EXERCISE PROMPT
Line by line, set down all the data below exactly, omitting any picture.

SOURCE MATERIAL
*-*-*
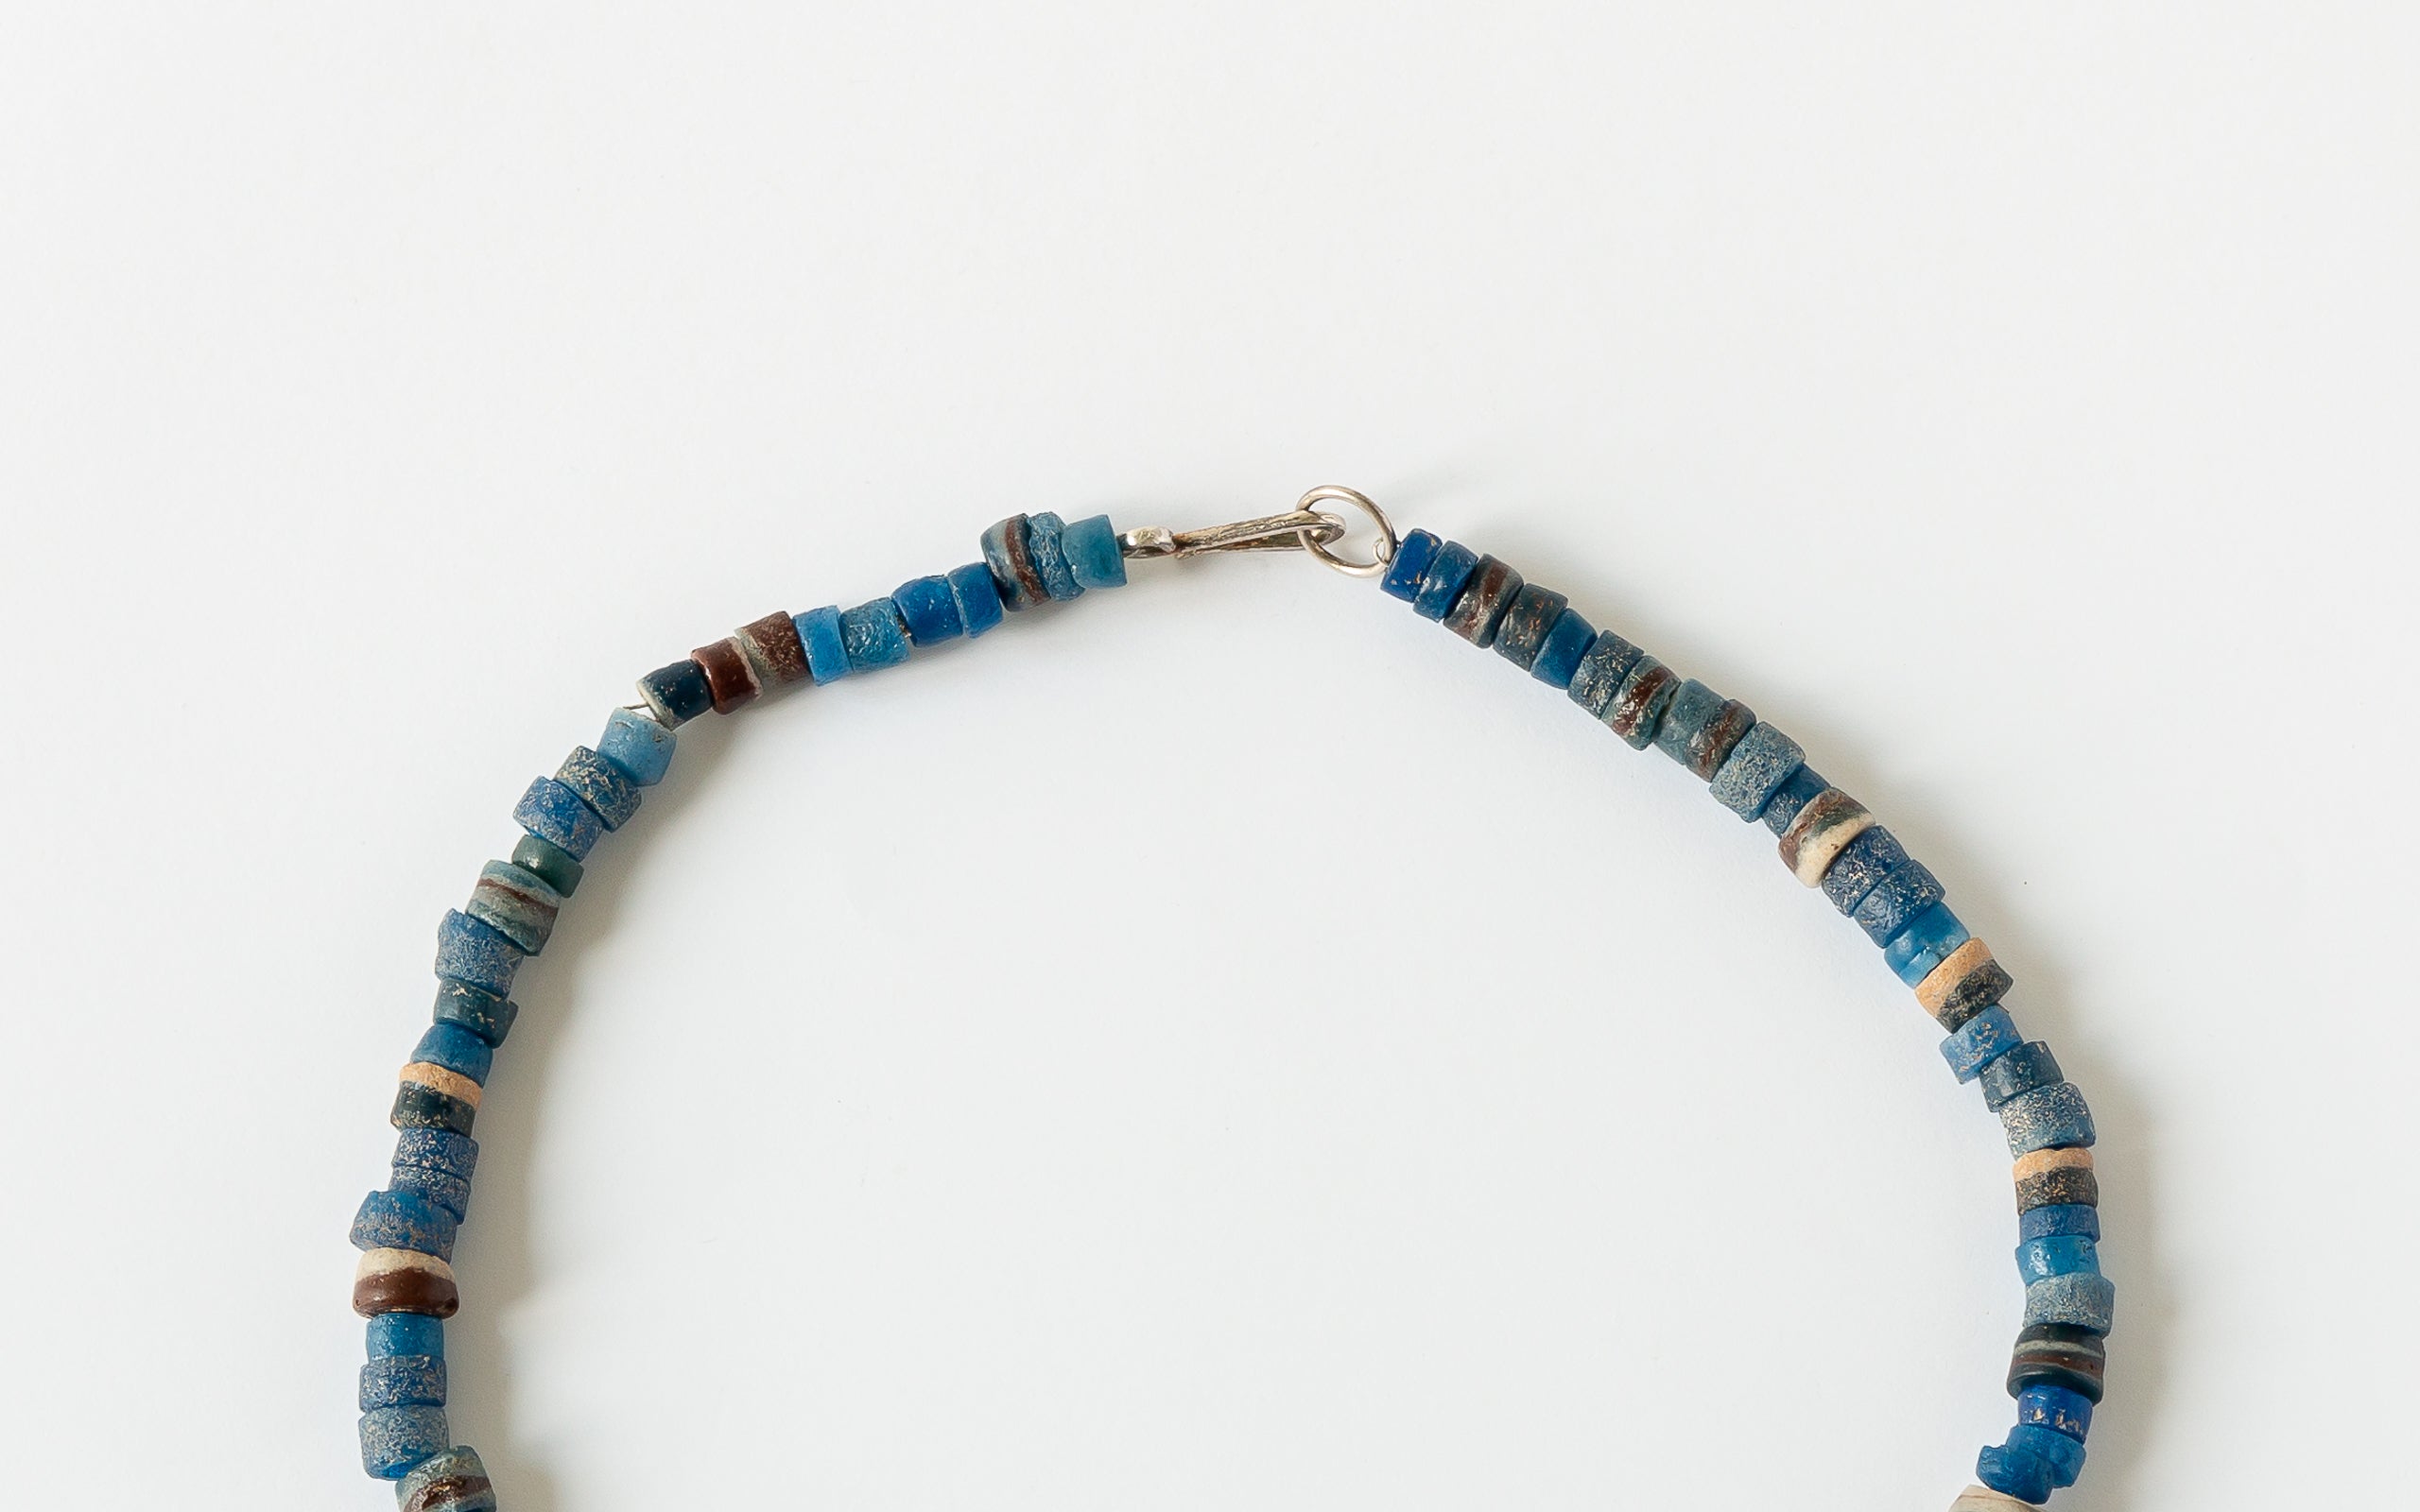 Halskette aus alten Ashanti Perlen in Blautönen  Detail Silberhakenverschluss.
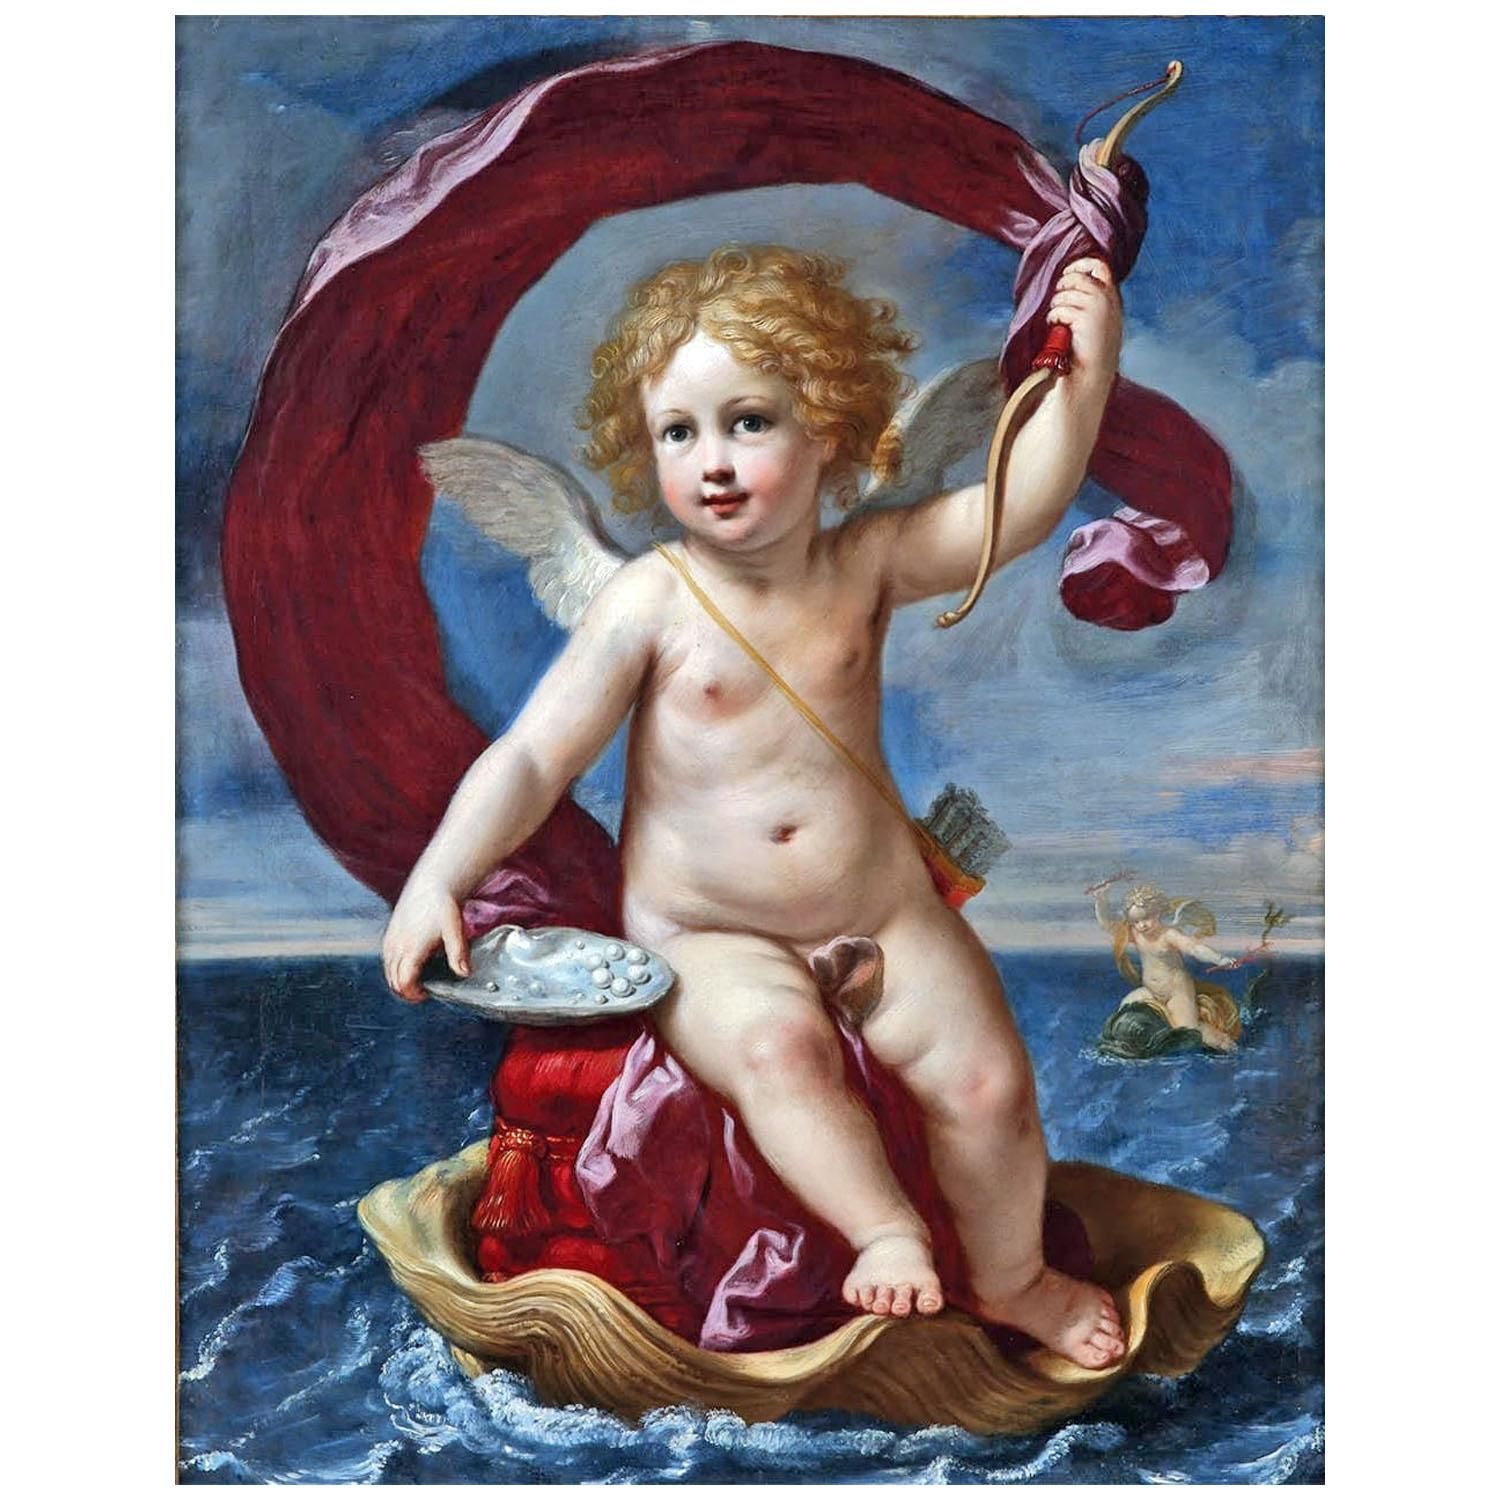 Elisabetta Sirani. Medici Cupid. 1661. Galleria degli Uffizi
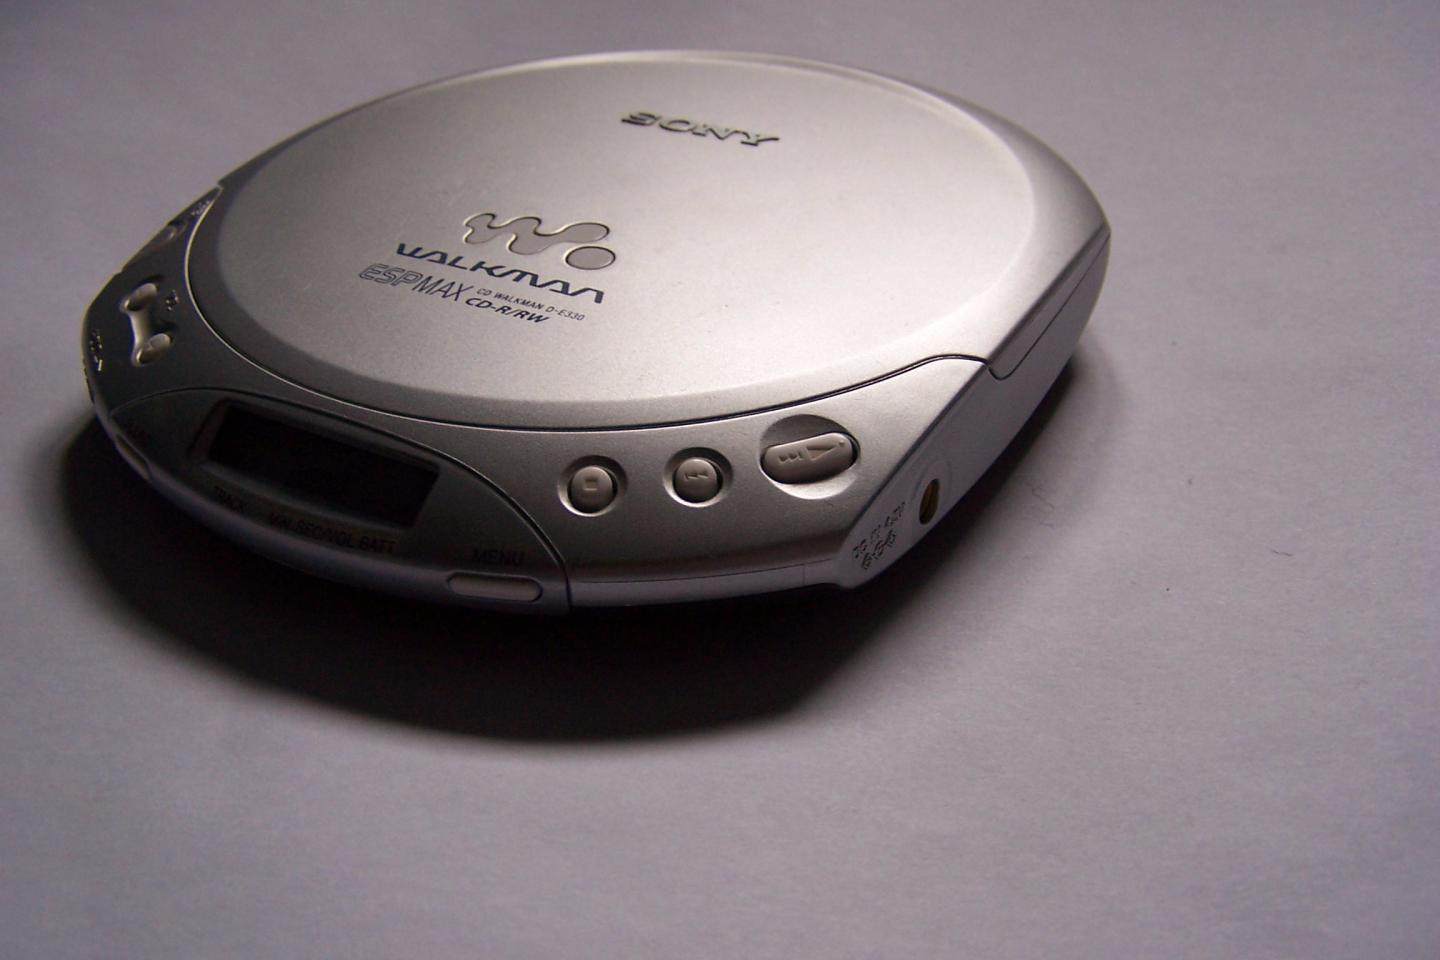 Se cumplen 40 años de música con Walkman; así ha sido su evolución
*-*-*
TASK OUTPUT
 Halskette aus alten Ashanti Perlen in Blautönen  Detail Silberhakenverschluss.
 Elisabetta Sirani. Medici Cupid. 1661. Galleria degli Uffizi
 Se cumplen 40 años de música con Walkman; así ha sido su evolución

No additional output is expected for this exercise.